**TRY IT**. Below are some entries. Transcribe the lines from the one holding "CM 悶絶シリーズ5 【美しい日本の未来" to the one holding "Testament de Rabbi", inclusive, but not the pictures among them.

**DATA EXTRACT**.
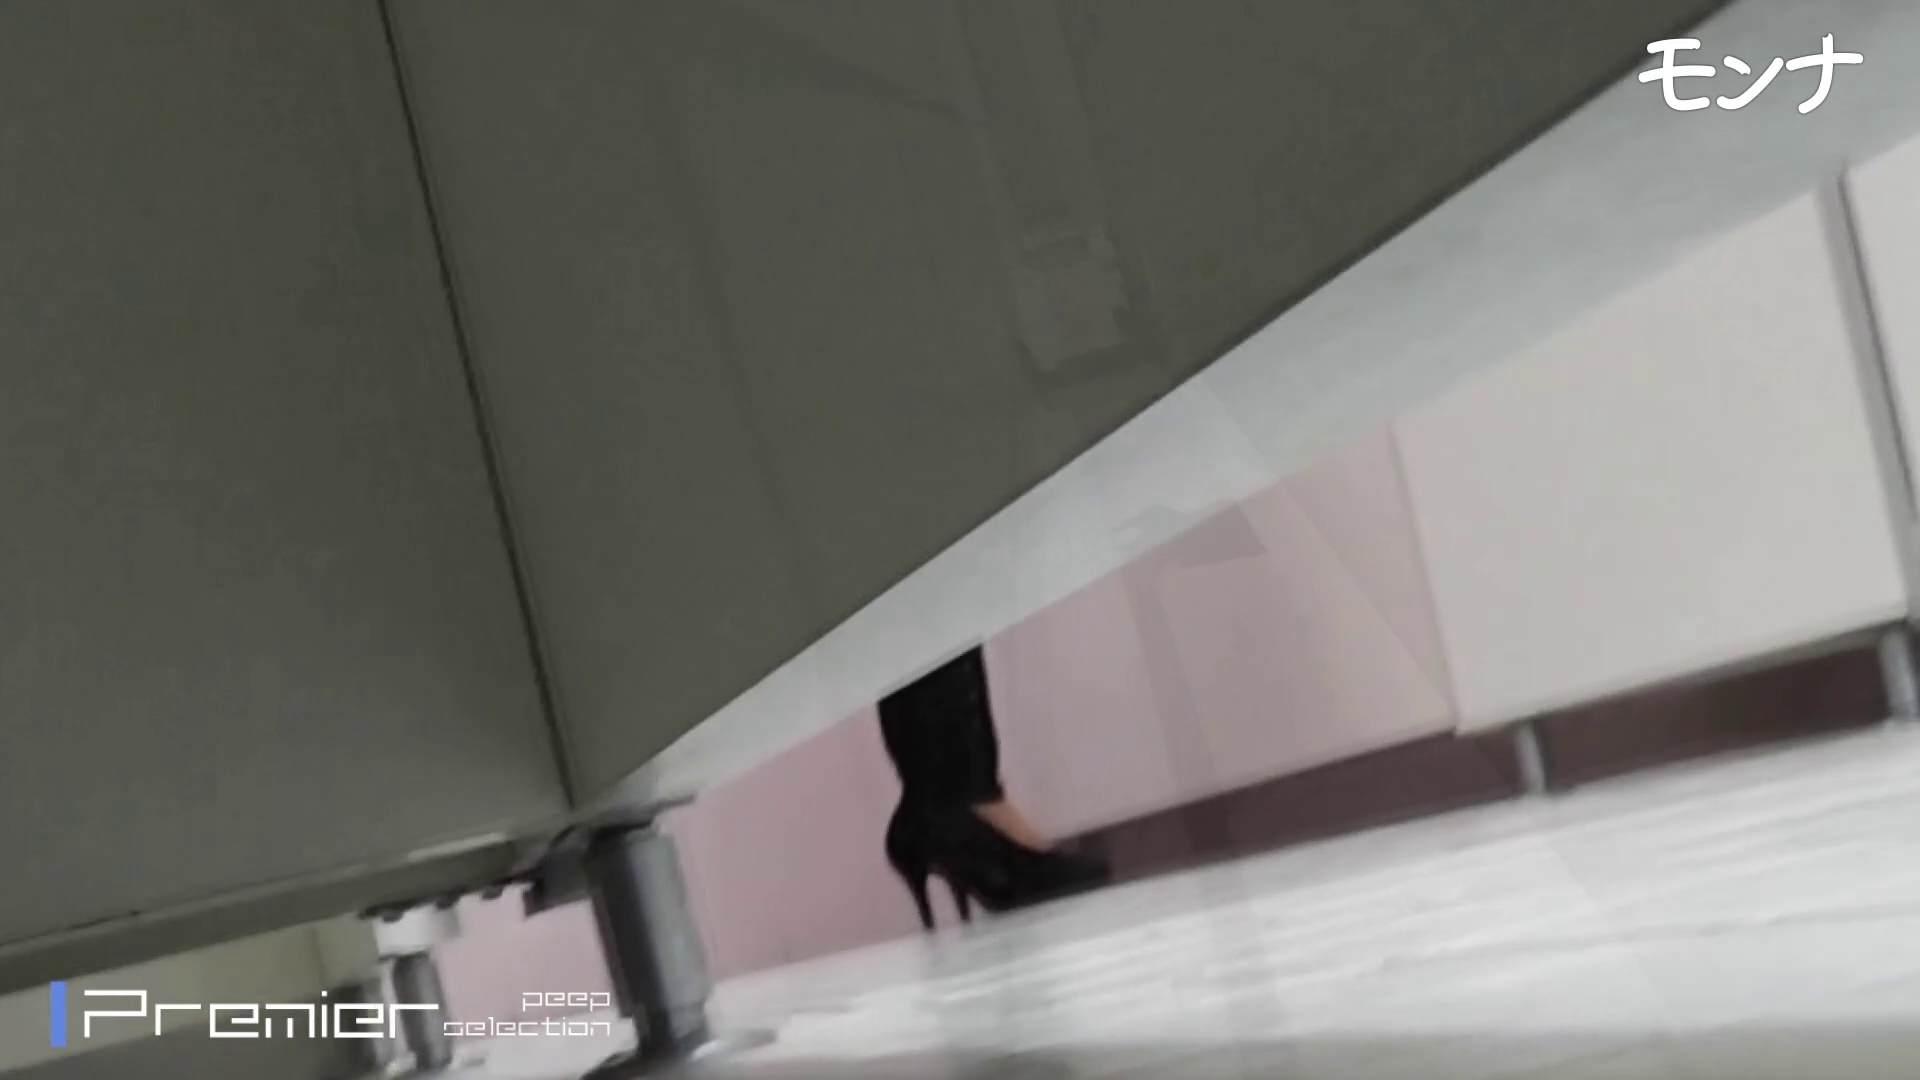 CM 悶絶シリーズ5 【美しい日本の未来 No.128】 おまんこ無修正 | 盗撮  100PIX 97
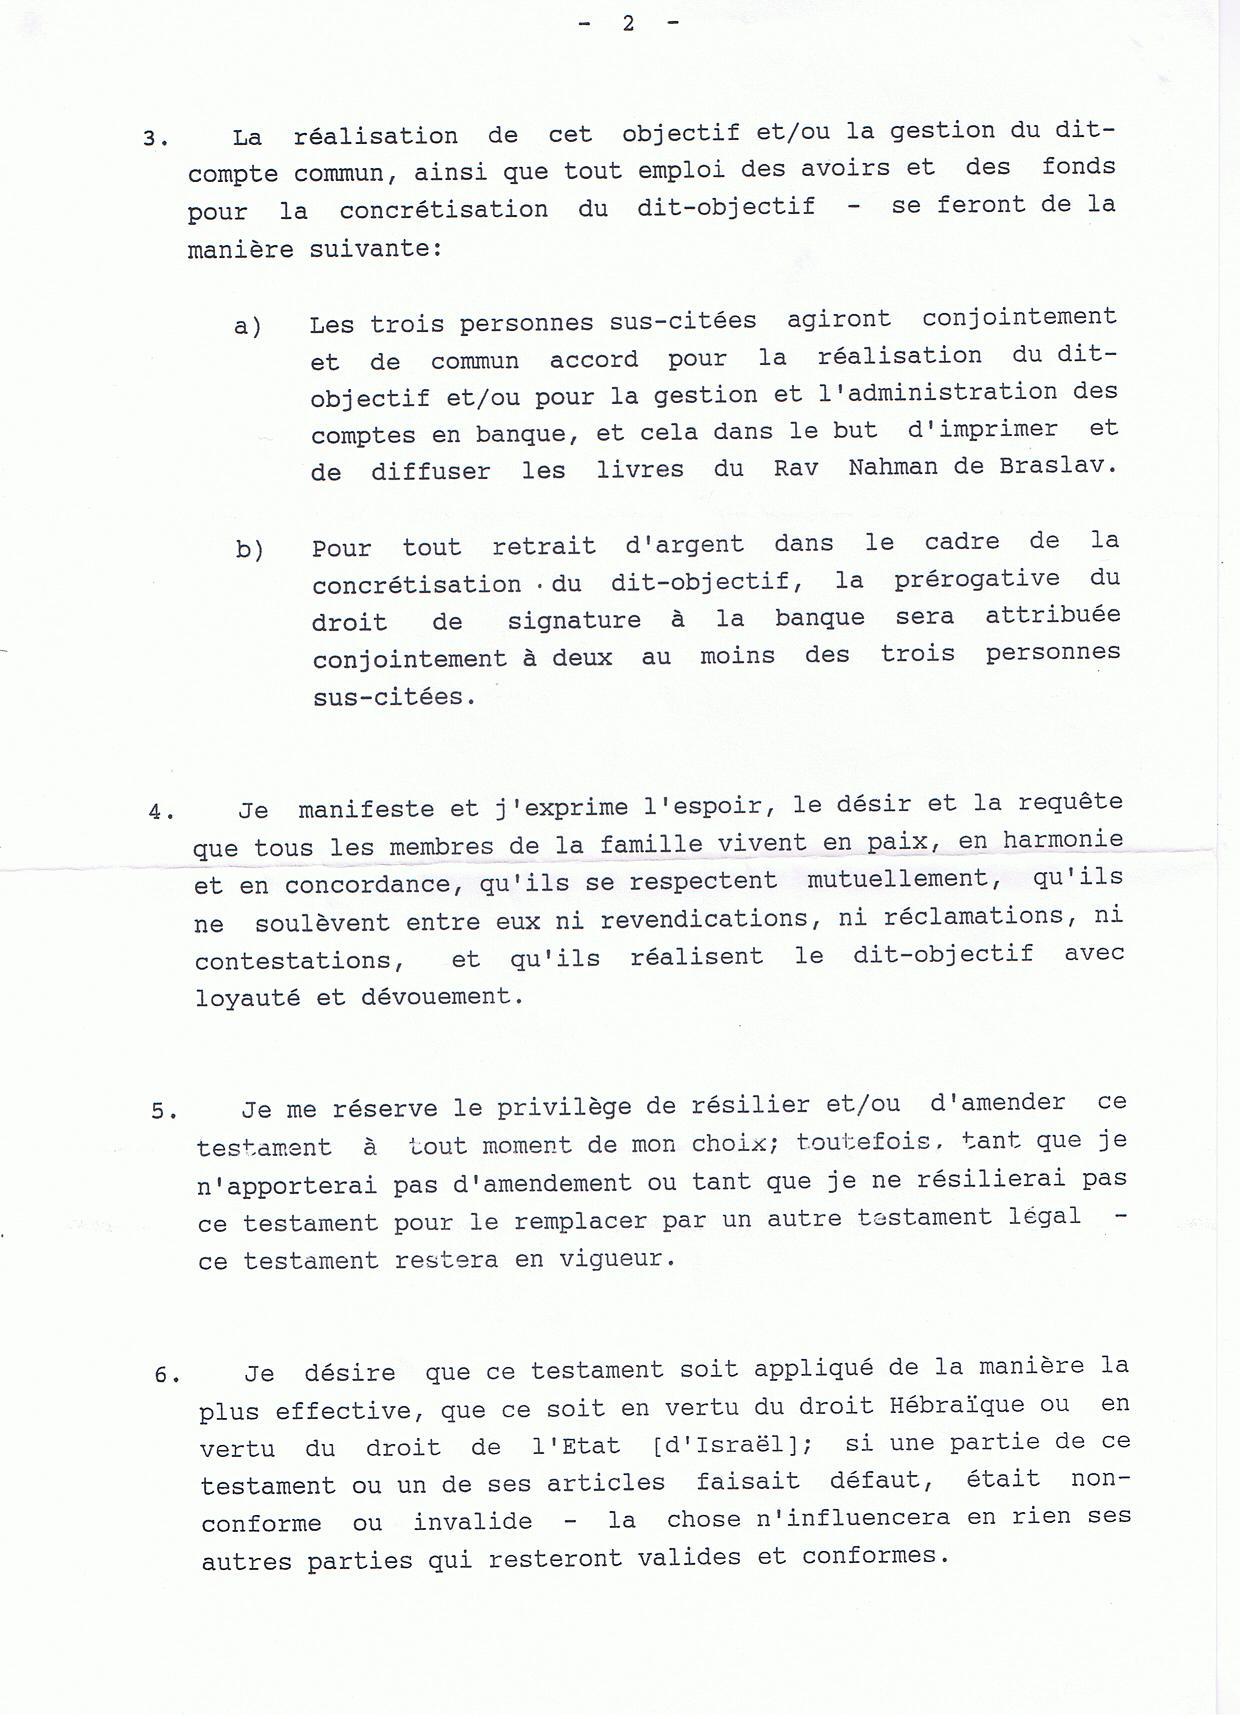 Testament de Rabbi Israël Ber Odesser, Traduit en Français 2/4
...
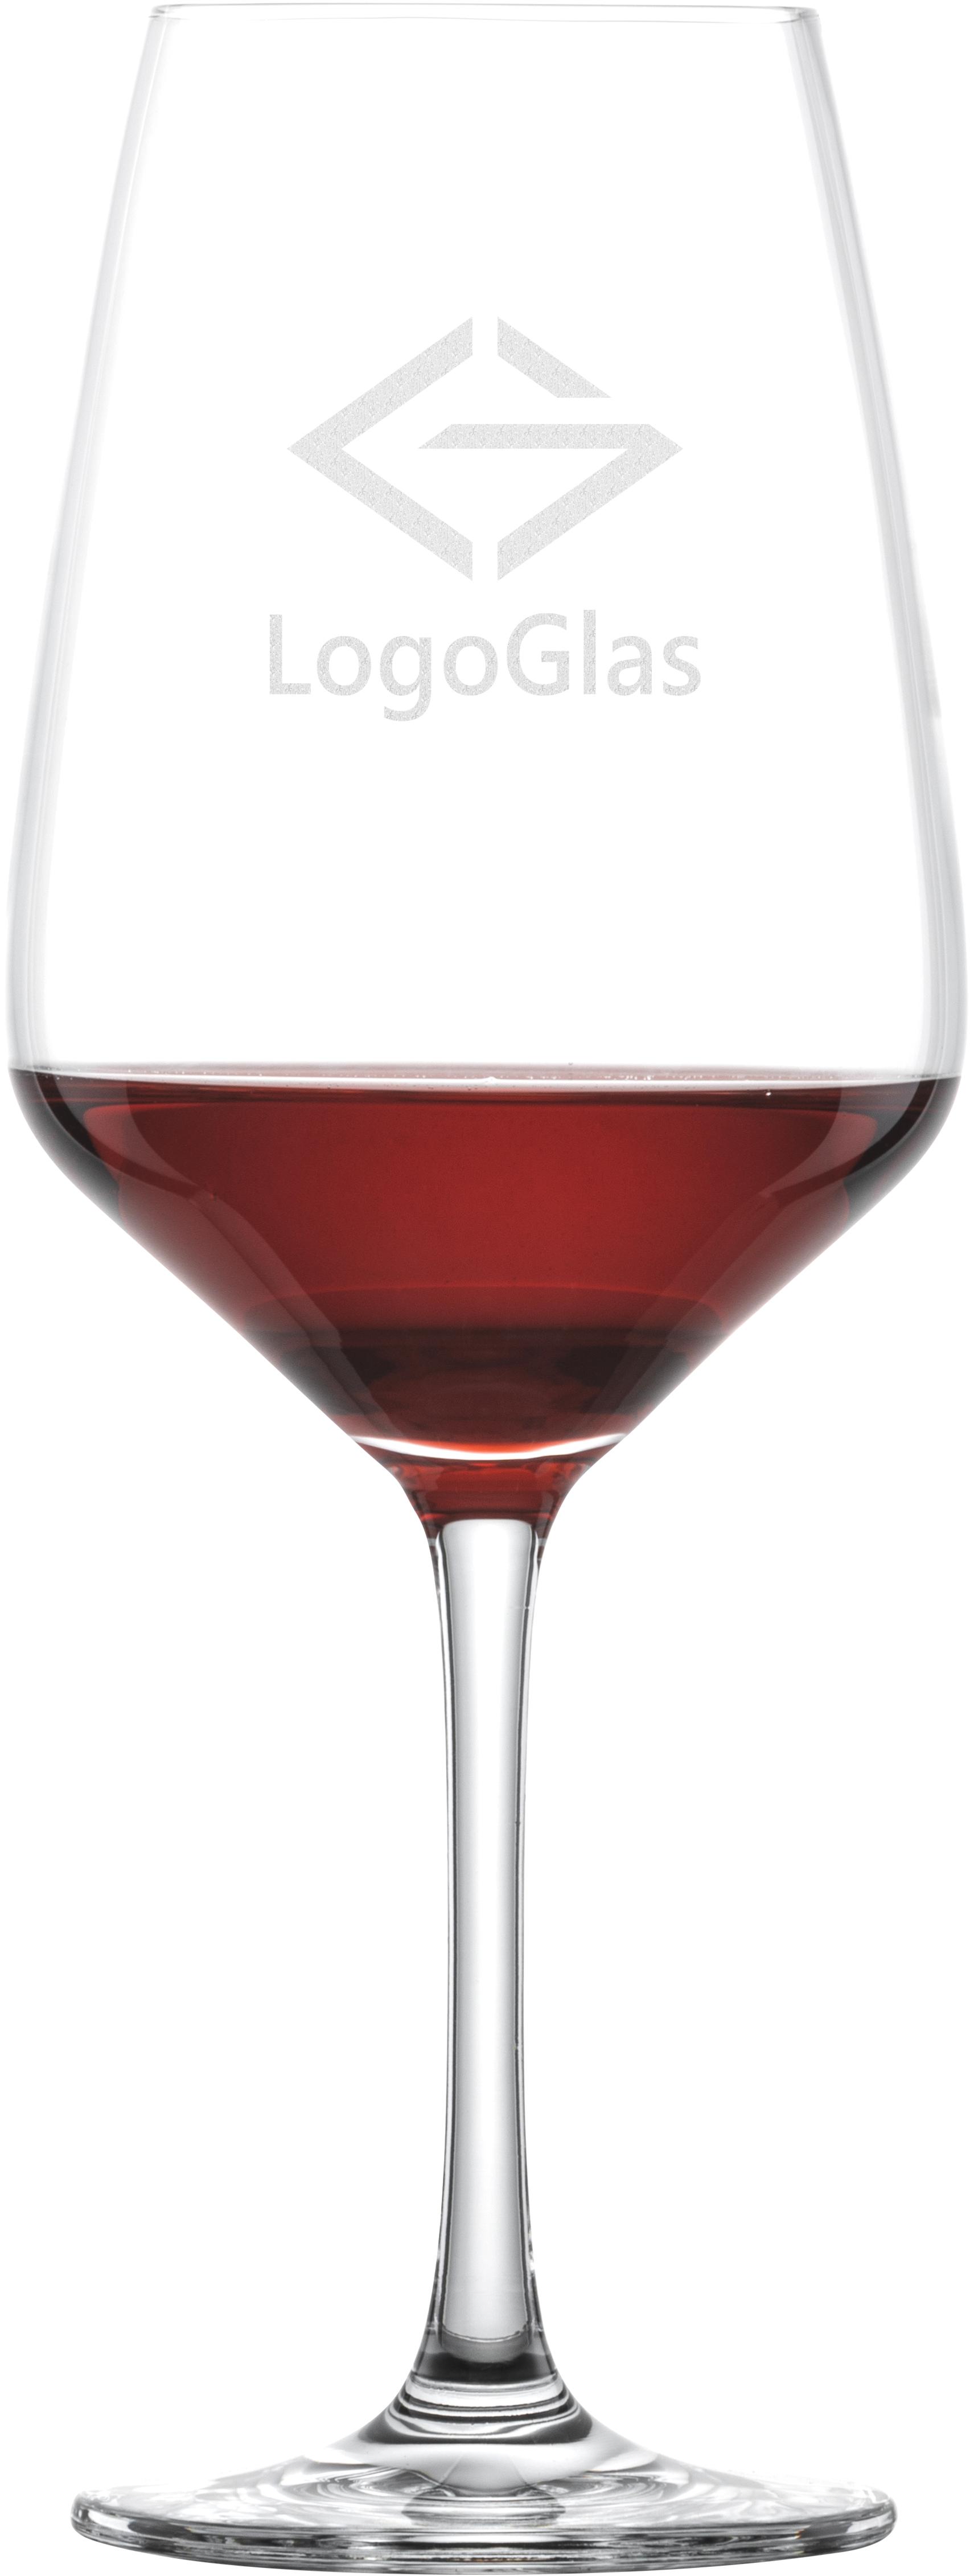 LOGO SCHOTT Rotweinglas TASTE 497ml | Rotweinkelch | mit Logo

**COMPLETED TASK**.
 CM 悶絶シリーズ5 【美しい日本の未来 No.128】 おまんこ無修正 | 盗撮  100PIX 97
 Testament de Rabbi Israël Ber Odesser, Traduit en Français 2/4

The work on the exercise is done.